# WHAT THE TASK REQUIRES
The data below is to be transcribed word for word; pictures are to be excluded.

═════ DATASET CONTENT

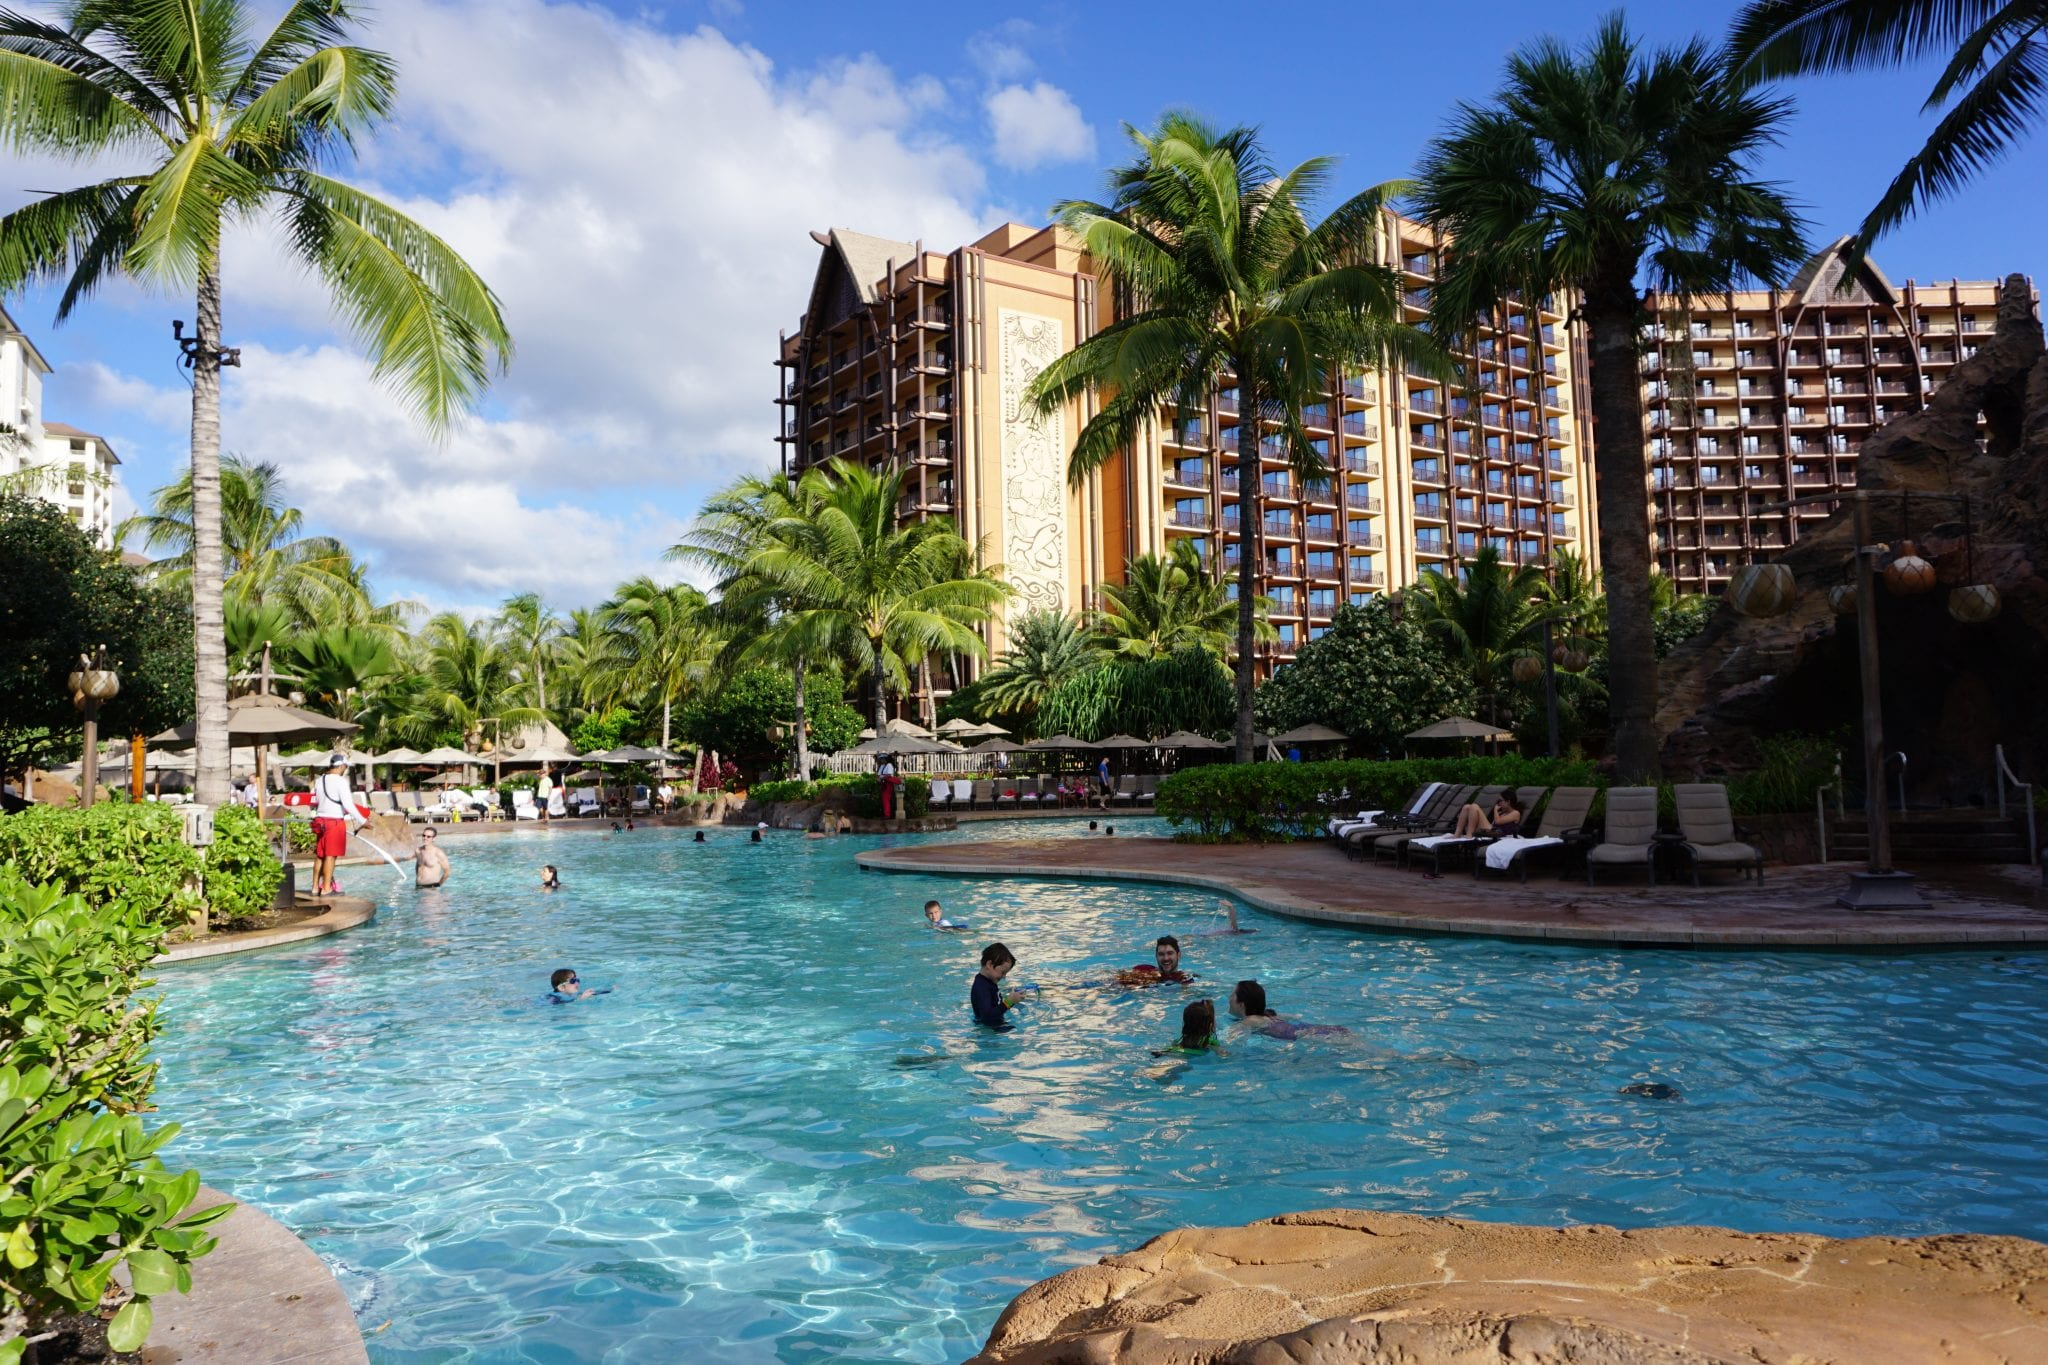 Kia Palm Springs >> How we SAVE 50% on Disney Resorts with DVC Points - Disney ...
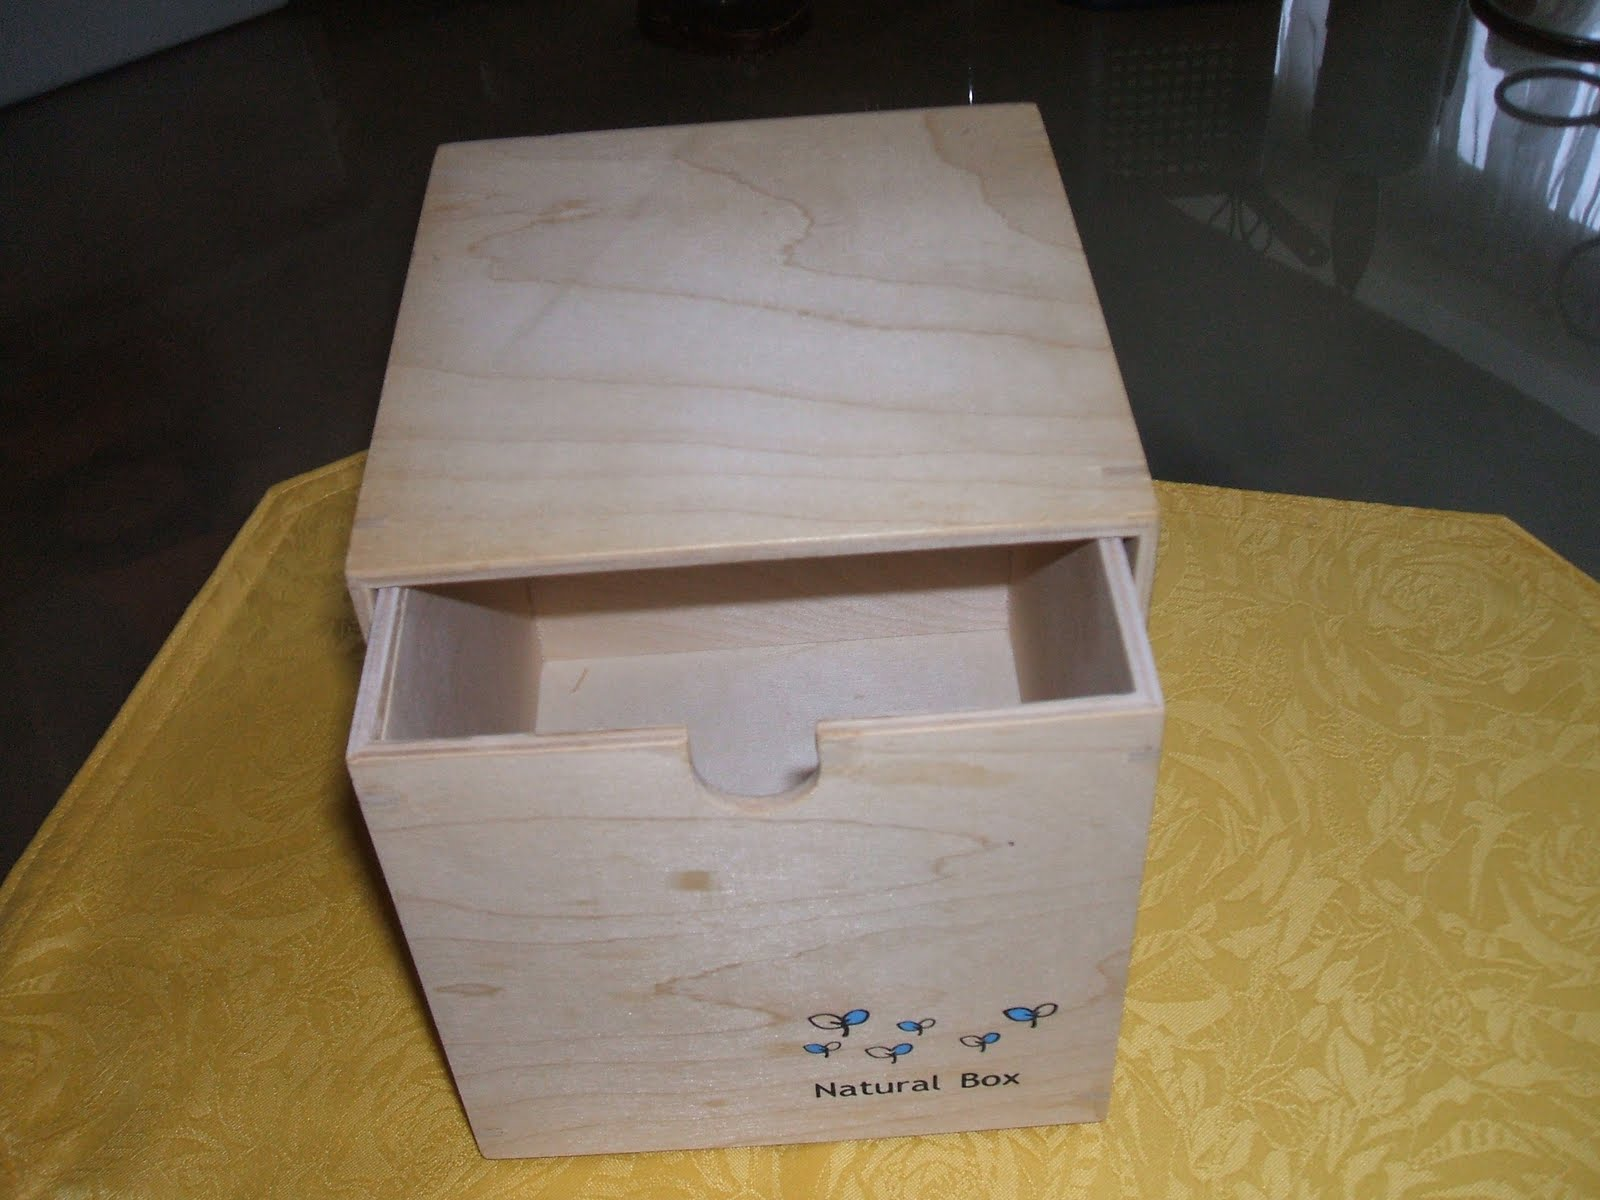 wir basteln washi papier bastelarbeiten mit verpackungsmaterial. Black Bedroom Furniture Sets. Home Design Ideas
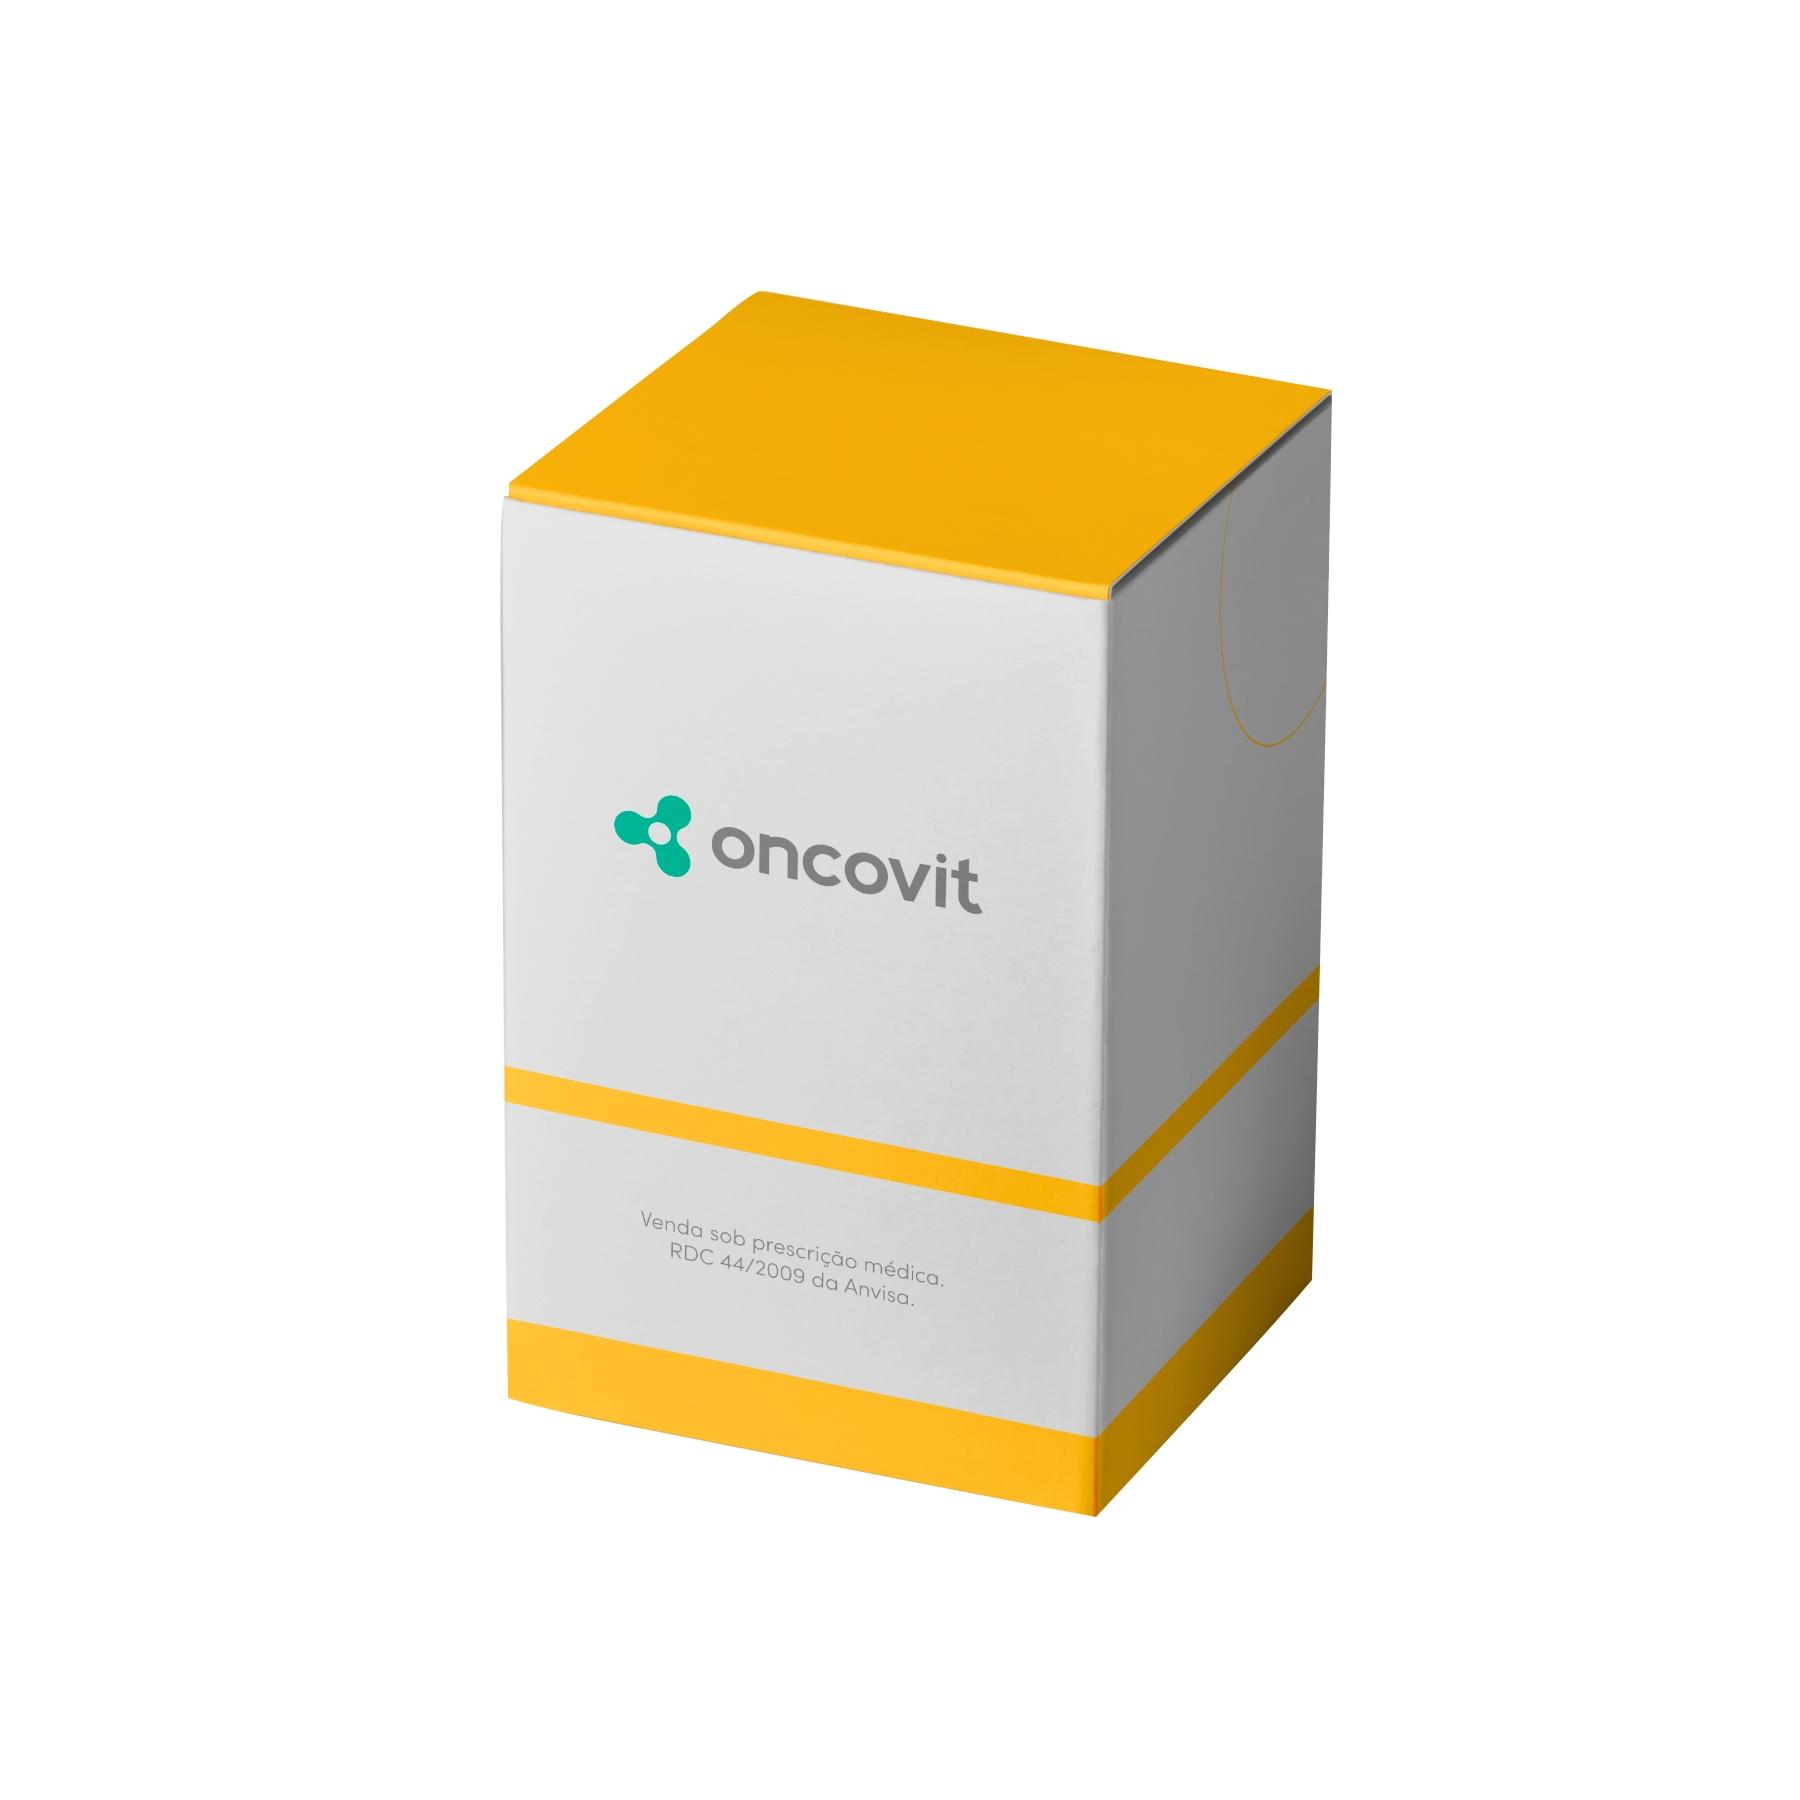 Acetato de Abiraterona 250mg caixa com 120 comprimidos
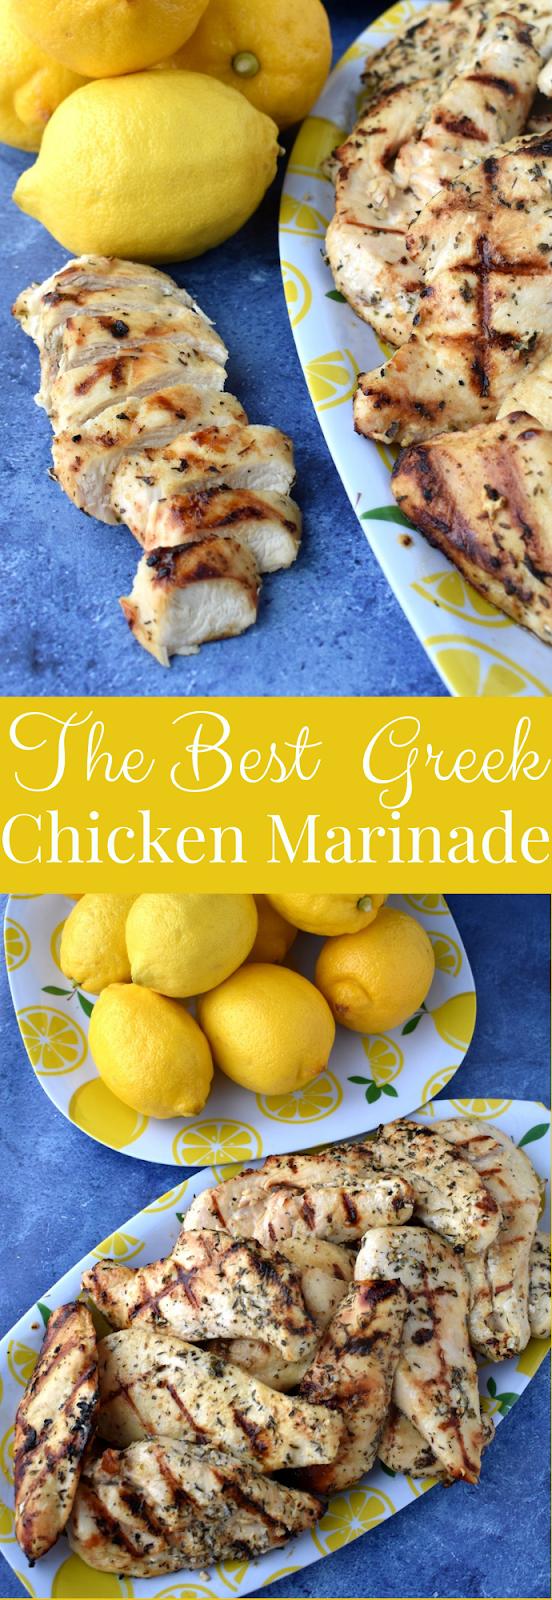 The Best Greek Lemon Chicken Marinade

══════════

# EXERCISE OUTPUT
 Kia Palm Springs >> How we SAVE 50% on Disney Resorts with DVC Points - Disney ...
 wir basteln washi papier bastelarbeiten mit verpackungsmaterial. Black Bedroom Furniture Sets. Home Design Ideas
 Acetato de Abiraterona 250mg caixa com 120 comprimidos
 The Best Greek Lemon Chicken Marinade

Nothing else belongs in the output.